Why isn't x86-64 load/store?

FastLaneTX

Junior Member
Mar 25, 2002
2
0
0
Okay, maybe AMD wanted to keep their ISA as close to x86 as possible, but the two biggest complaints against the x86 instruction set are (a) not enough registers, and (b) any instruction can access memory (with complex addressing modes).

Obviously AMD fixed the former to a degree, though 16 registers (with xSP reserved) is still far less than the 32-64 rename registers on the average x86 chip, and a tiny fraction of IA64's 128 GPRs. I'd like to have seen 32 GPRs, and elimination of all implicit register opcodes.

The other part is a bigger problem. The ModR/M, SIB, Imm, and Disp bytes make instruction decoding hell, and almost any instruction can have any combination of them. Switching to a load/store architecture would allow the 8 bits formerly in the ModR/M byte to be used for 16 source and 16 destination registers with no need for a REX prefix, and one could completely ditch the these hellish suffix bytes from all but load/store instructions.

Comments from the more microarchitecture-savvy?
 

zemus

Member
Mar 6, 2002
47
0
0
"I'd like to have seen 32 GPRs"

Like you, I would have prefered to see as many as possible. but I suspect AMD's reasoning for there choice was influenced by a few factors, but I think the main reason was;


Most experienced x86er's have lived without them for so long that there will be no mad rush to put the extra registers to use now that they suddenly appear. Sure, I will start using them right away in almost every asm application I can think of, but I/we do not represent the bulk of programmers. And sure, those extra registers are definatly usefull, but they will never result in a hudge increase in performance, just a little. 16 is a fairly good # in trade off for keeping the design realitivly simple still. I rarly have encountered a situation where having more than 4 data registers would make my code significantly faster. more than anything, just easier to write. Don't get me wrong, i think more is better, it's just that we do not need to go over board on it.

I am a little more excited by the 64 bit size than anything, despite a post claiming this is sort of useless, this i find not to be true at all. Sure, I do not need actual #'s that large, but block transfers will now propagate through the CPU registers at twice the speed, does that mean twice the speed over all, no, but it does mean it will happen somewhat faster. Enough that one will notice it if running certain code types.

most of the code i write can benifit from both the extra data size and the extra registers, but just a little, there is no real need to have 100's of registers visable to the programmer in my opinion though.

In the end, #1 rule , "law of diminising returns". far more important than mores law in my opinion
 

kylef

Golden Member
Jan 25, 2000
1,430
0
0


<< Switching to a load/store architecture would allow... >>



But it wouldn't be backwards compatible. And that is the ONLY reason that AMD has proposed the x86-64.

It's perceived to be such a HUGE advantage to be able to run old code that Intel recently was even second-guessing their own switch to IA64.

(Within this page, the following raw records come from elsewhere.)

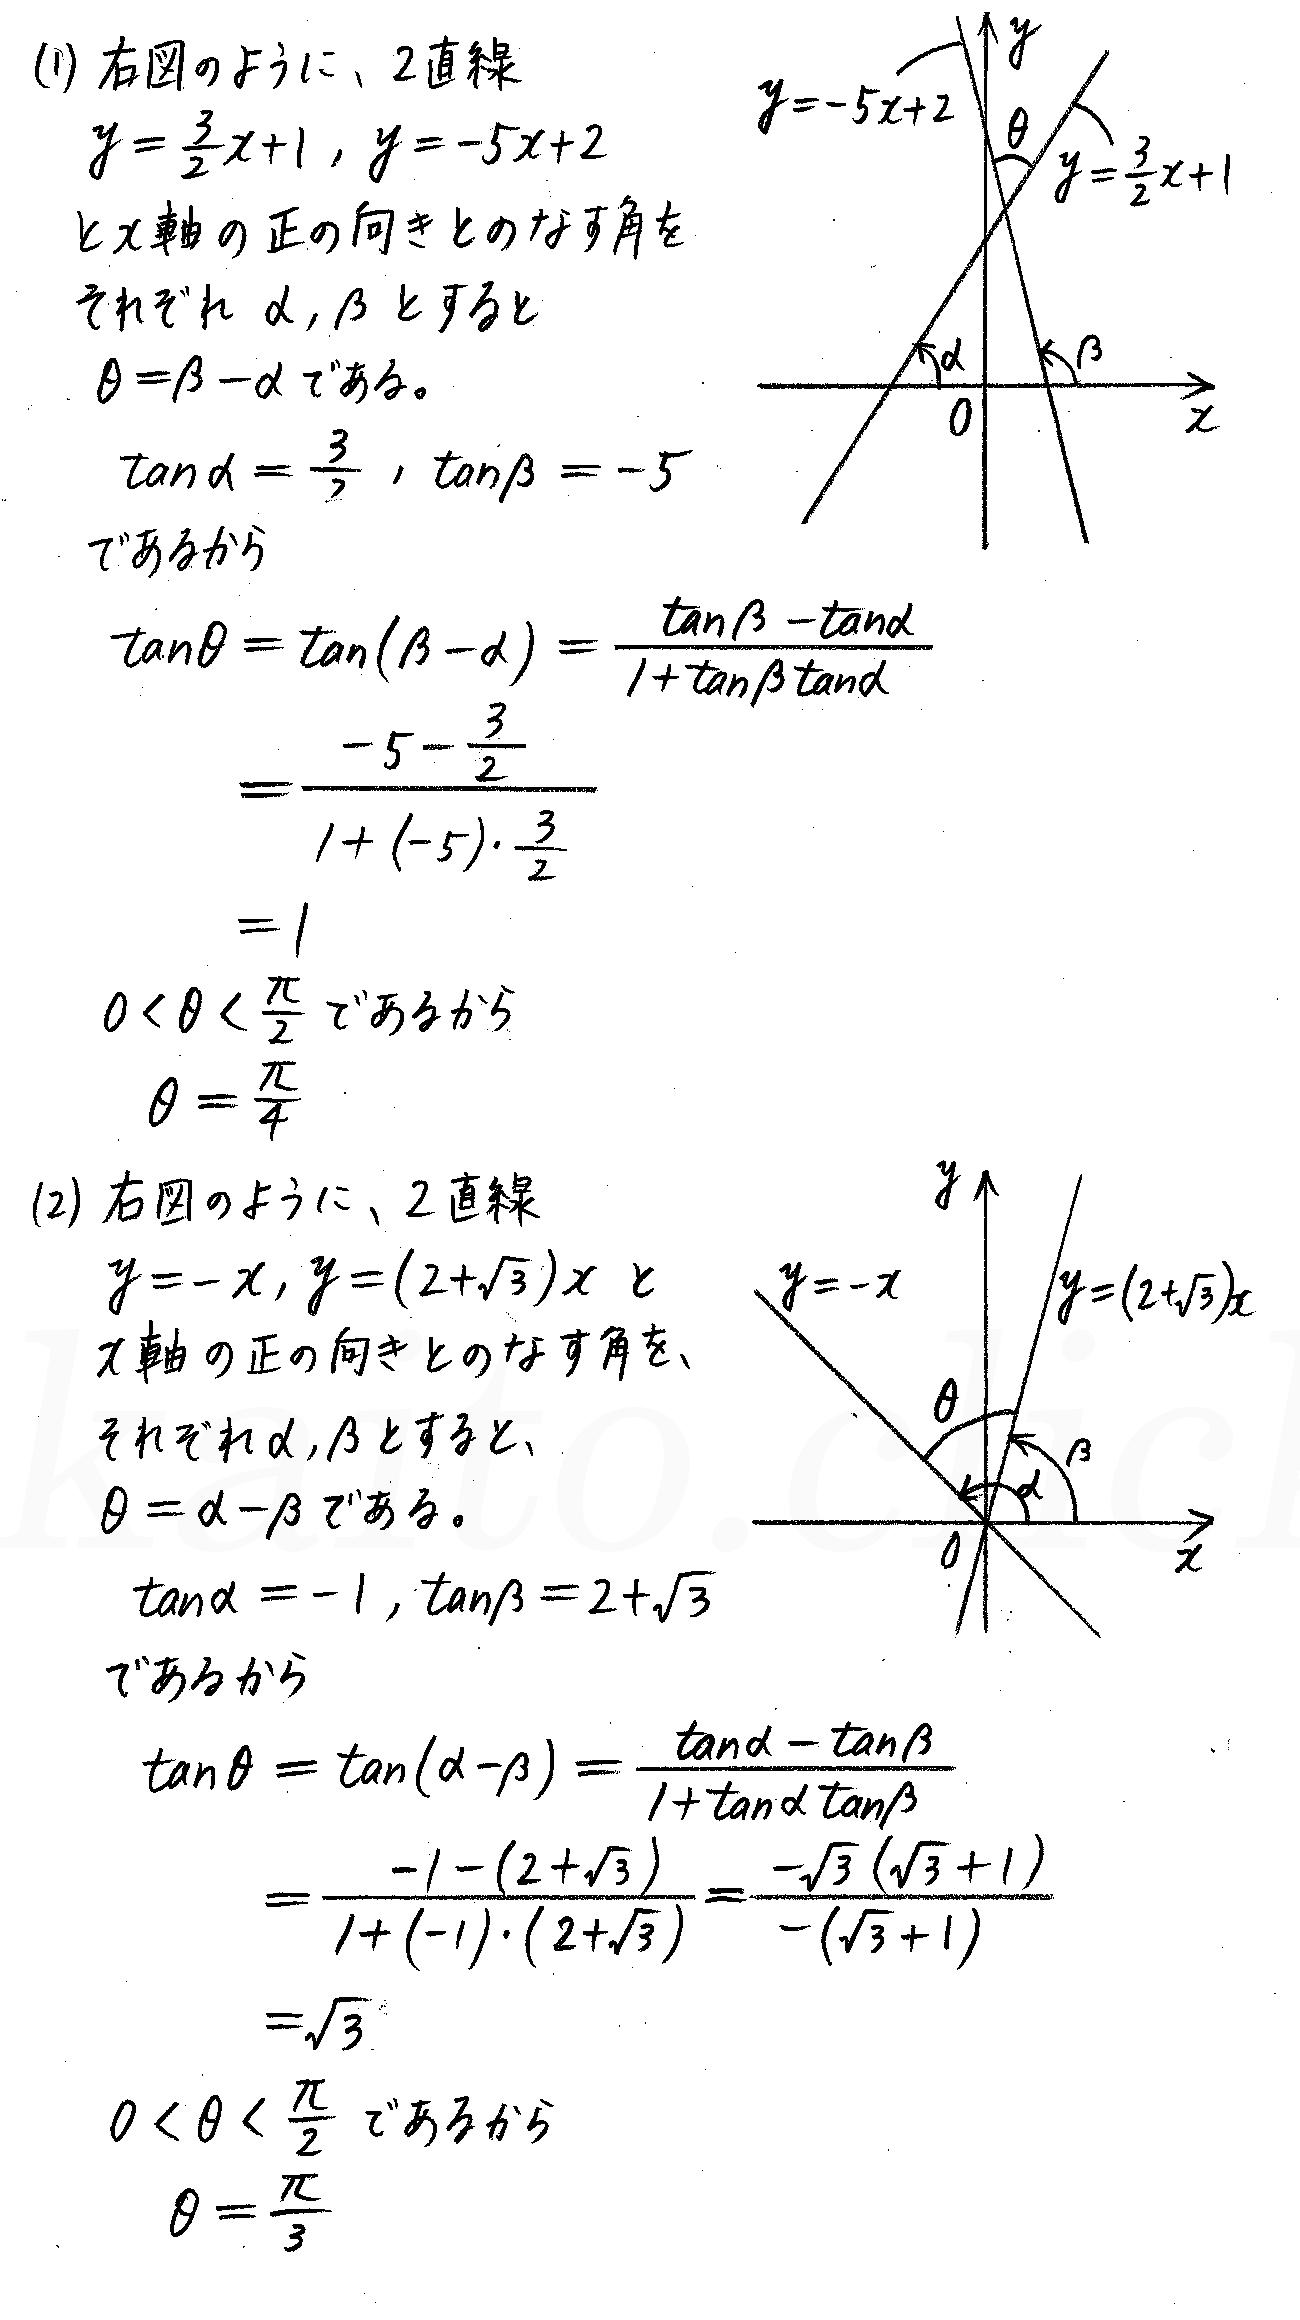 改訂版4プロセス数学2-281解答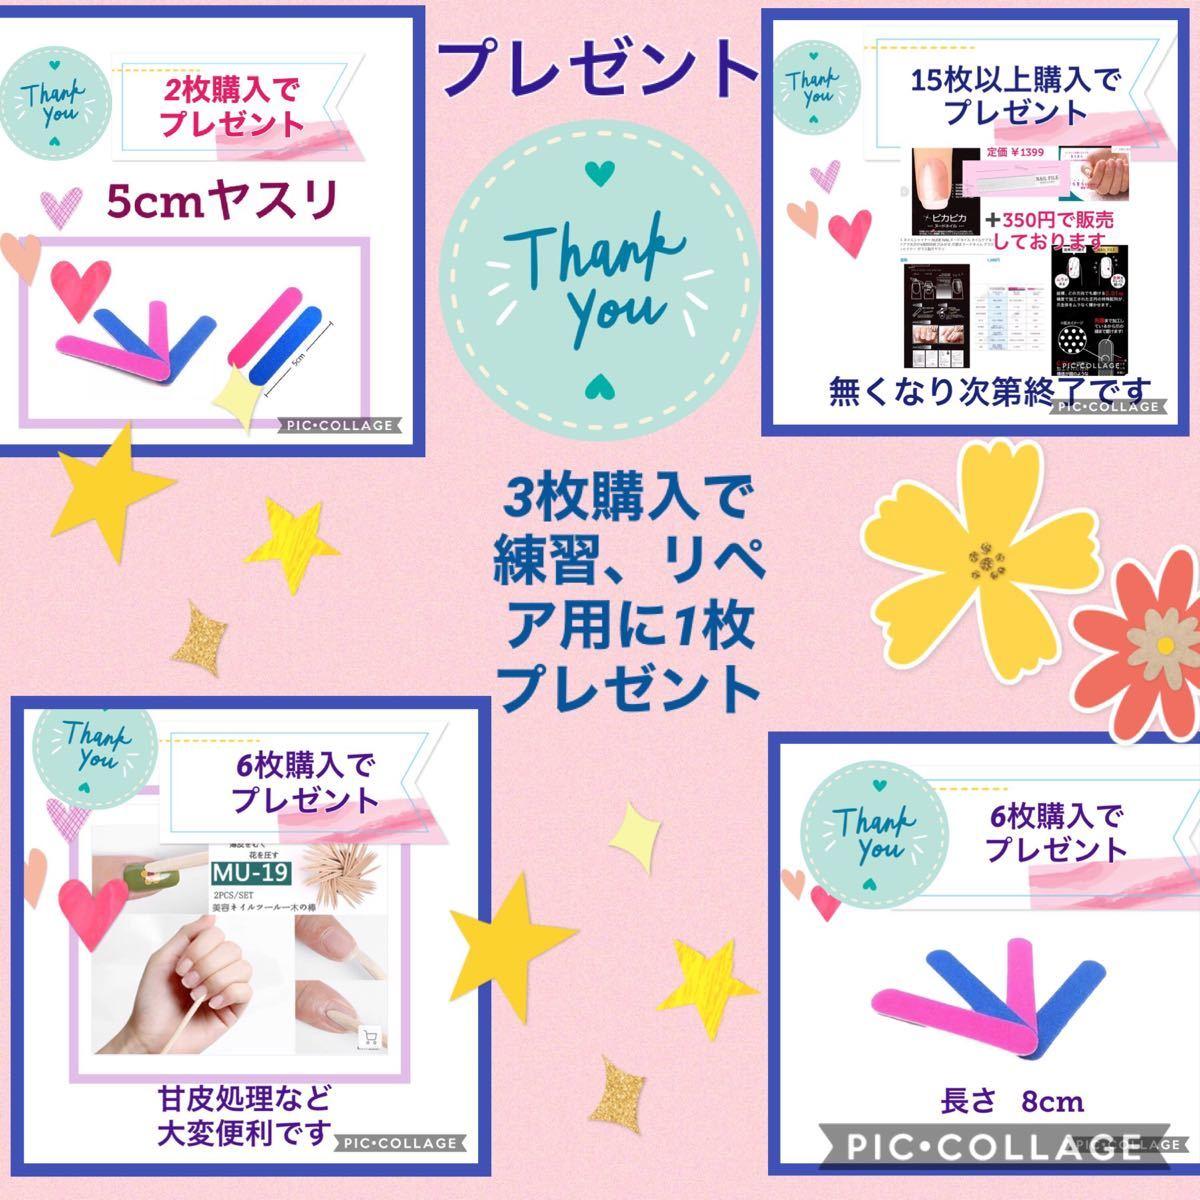 【高品質タイプ】3枚購入で1枚プレゼント!ジェルネイルシール☆。.:*・゜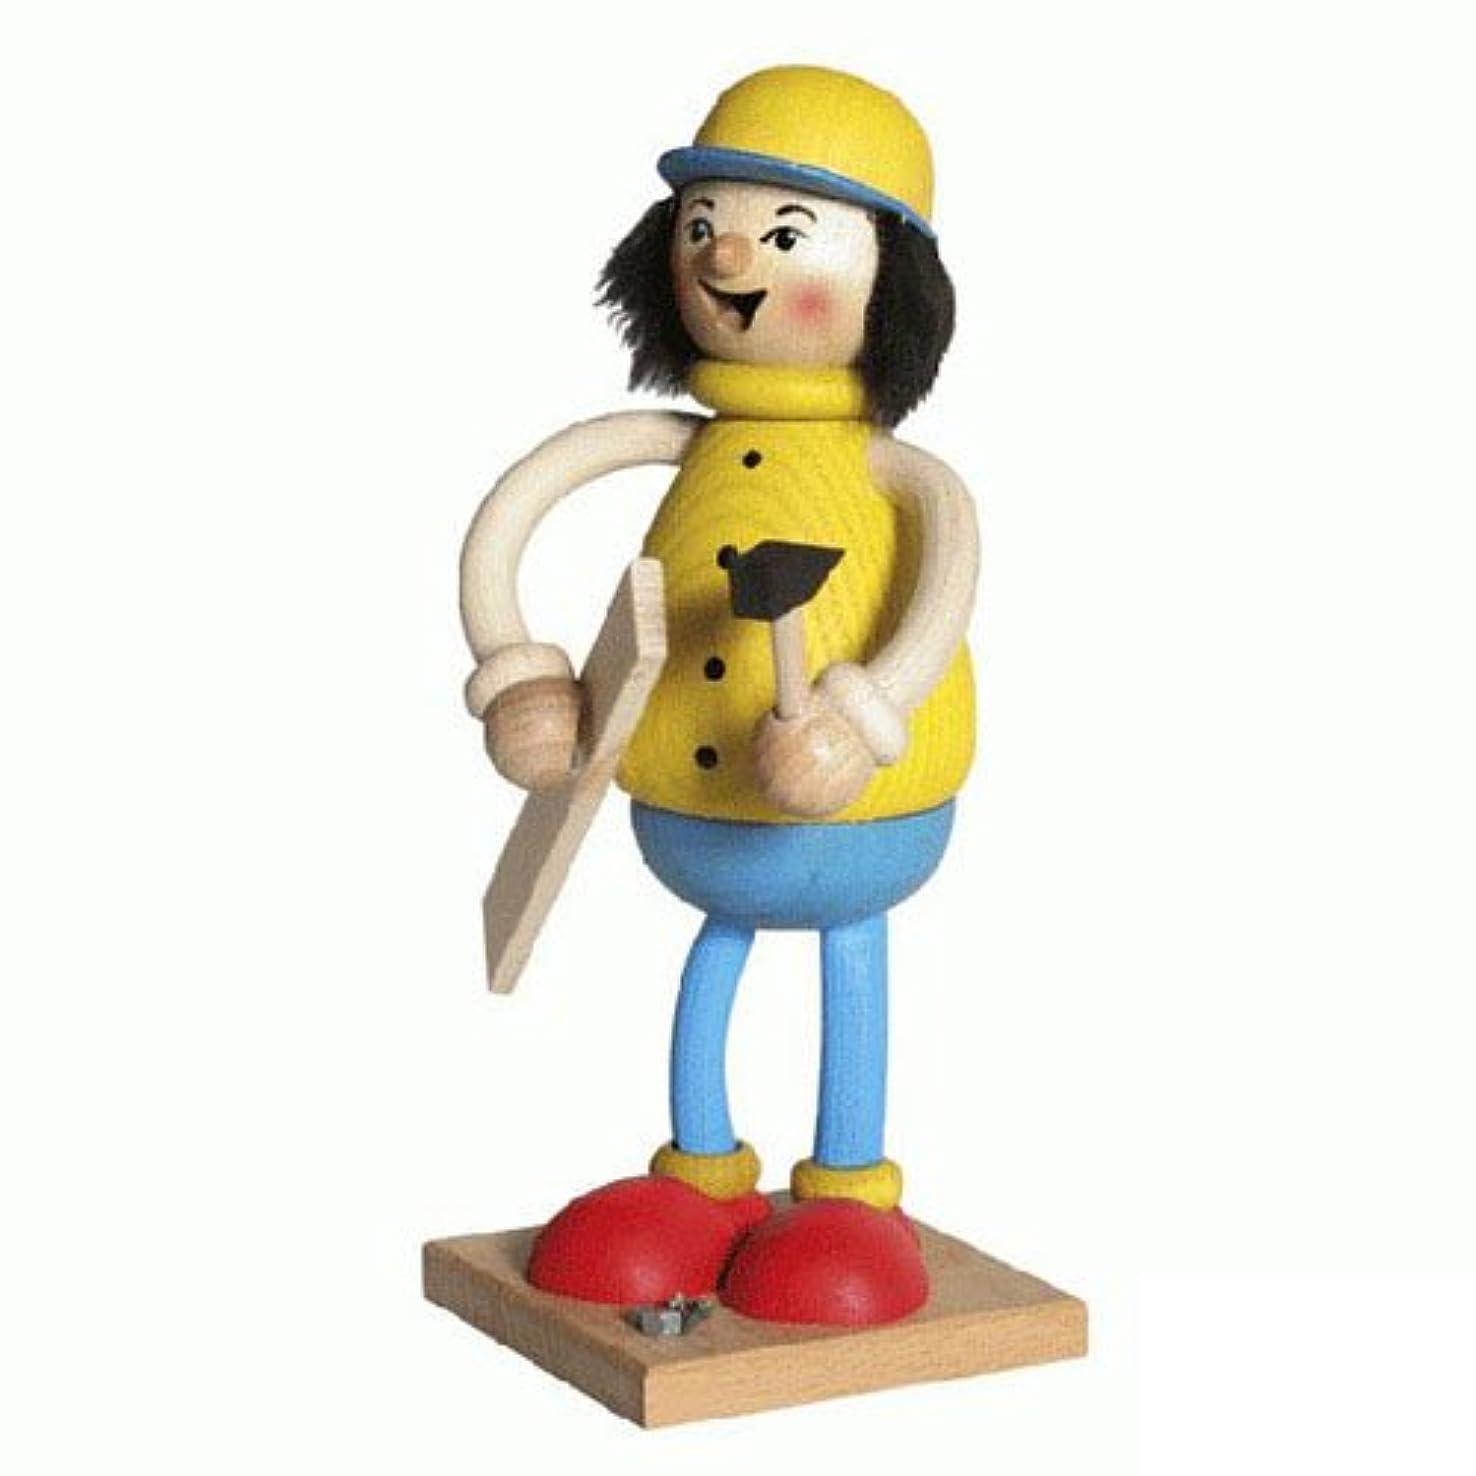 シェトランド諸島汚れたエキゾチック39096 Kuhnert(クーネルト) ミニパイプ人形香炉 DIY

In the end, breaking away from x86 entirely is probably a Good Thing. I hope Intel can pull it off, but the ground is looking shakier than ever now. x86 is going strong, 32 bits are enough for 95% of people out there, and Intel's own 4-bit address extension mechanism that allows 64 gigabytes of addressable memory are all reasons that make the industry question paying a price premium to swap to an incompatible, unproven ISA when a cheaper backwards-compatible one is available...
 

jhu

Lifer
Oct 10, 1999
11,918
9
81
haven't these all these processors been implicitly load/store since the pentium pro?
 

kylef

Golden Member
Jan 25, 2000
1,430
0
0


<< haven't these all these processors been implicitly load/store since the pentium pro? >>



Yes, but the issue is that the exposed interface available to assembly language programmers and compiler code generators is still the old register-limited x86 instruction set, along with an even more limited stack-based floating point scheme.

Writing good compilers is already difficult enough as it is, but when resources such as registers are severely limited (as they are in x86) it just makes producing good code more difficult.
 

FastLaneTX

Junior Member
Mar 25, 2002
2
0
0
But you already have to recompile everything to run in long mode, so going to an explicit load/store wouldn't change that. Compatability modes would still accept the implicit load/stores of IA-32, for better or worse.

Perhaps keeping compatibility limits the decode improvements possible, but I'm still curious. If I had a clue how, I'd rig GCC to not generate implicit loads/stores and see if the code ran faster or slower on Simics.